Check that we catch columns that are supposed to be FIXED but are not:

‍table = Table([ ... Column(np.arange(10), name='foo', meta={'vary': FIXED}) ... ]) write_samples(table, 'bar.hdf5', 'bat/baz') # doctest: +ELLIPSIS Traceback (most recent call last): ... AssertionError: Arrays are not equal Column foo is a fixed column, but its values are not identical ...
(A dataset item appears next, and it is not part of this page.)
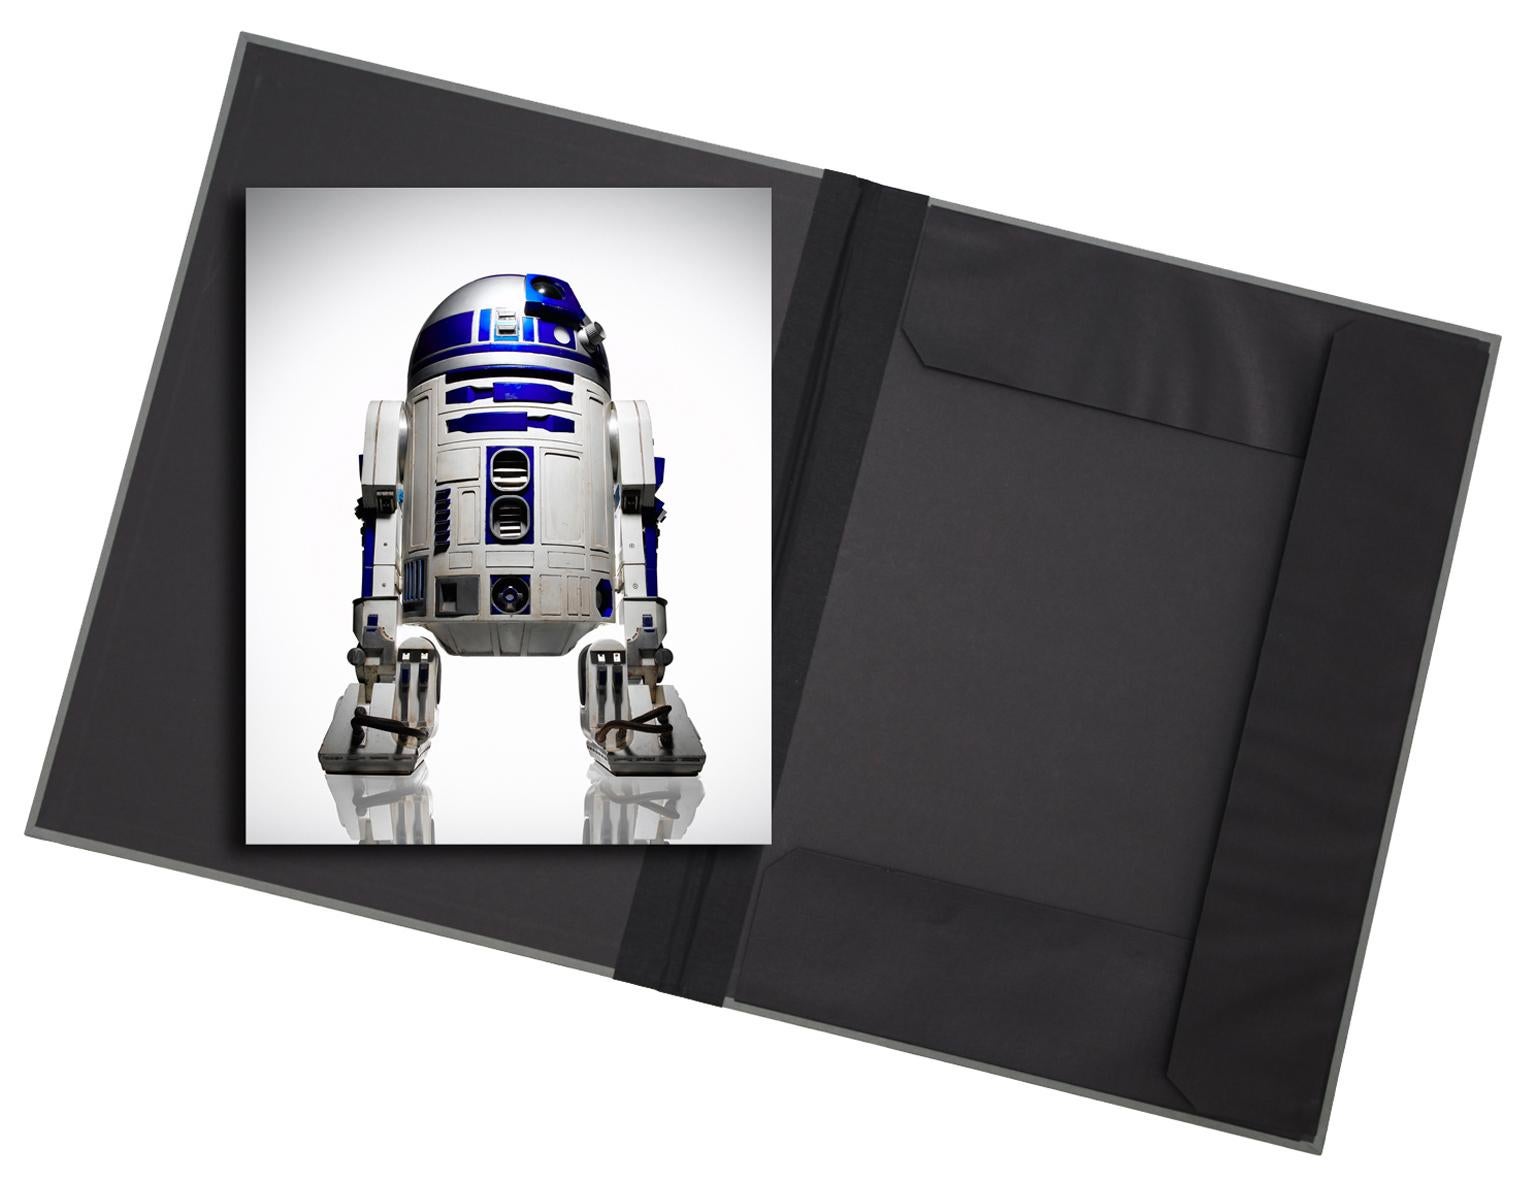 Tom Schierlitz Color Photograph - Star Wars (R2-D2) - photograph in classic archival artwork portfolio gift binder

And now try writing an arbitrary example to a temporary file. import os.path from tempfile import TemporaryDirectory table = Table([ ... Column(np.ones(10), name='foo', meta={'vary': FIXED}), ... Column(np.arange(10), name='bar', meta={'vary': LINEAR}), ... Column(np.arange(10) * np.pi, name='bat', meta={'vary': CIRCULAR}), ... Column(np.arange(10), name='baz', meta={'vary': OUTPUT}) ... ]) with TemporaryDirectory() as dir: ... write_samples( ... table, os.path.join(dir, 'test.hdf5'), path='bat/baz')

Definition at line 243 of file hdf5.py.

◆ update_metadata()

def lalinference.io.hdf5.update_metadata (   metadata,
  level,
  attrs,
  strict_versions,
  collision = 'raise' 
)

Updates the sub-dictionary 'key' of 'metadata' with the values from 'attrs', while enforcing that existing values are equal to those with which the dict is updated.

Definition at line 281 of file hdf5.py.

◆ extract_metadata()

def lalinference.io.hdf5.extract_metadata (   filename,
  metadata,
  log_noise_evidences = [],
  log_max_likelihoods = [],
  nlive = [],
  dset_name = None,
  nest = False,
  strict_versions = True 
)

Extract metadata from HDF5 sample chain file.

Parameters

filename : str The path of the HDF5 file on the filesystem. metadata : dict Dict into which to place metadata log_noise_evidences : array (optional) Array into which to place log noise evidences (if nest = True) log_max_likelihoods : array (optional) Array into which to place log max likelihoods (if nest = True) nlive : array (optional) Array into which to place number of live points (if nest = True) return_run_identifier : Boolean (optional : default False) Whether to return the run identifier nest : Boolean (optional : default False) Whether to output quantities that only exist for nest runs

Returns

run_identifier : str The run identifier

Definition at line 332 of file hdf5.py.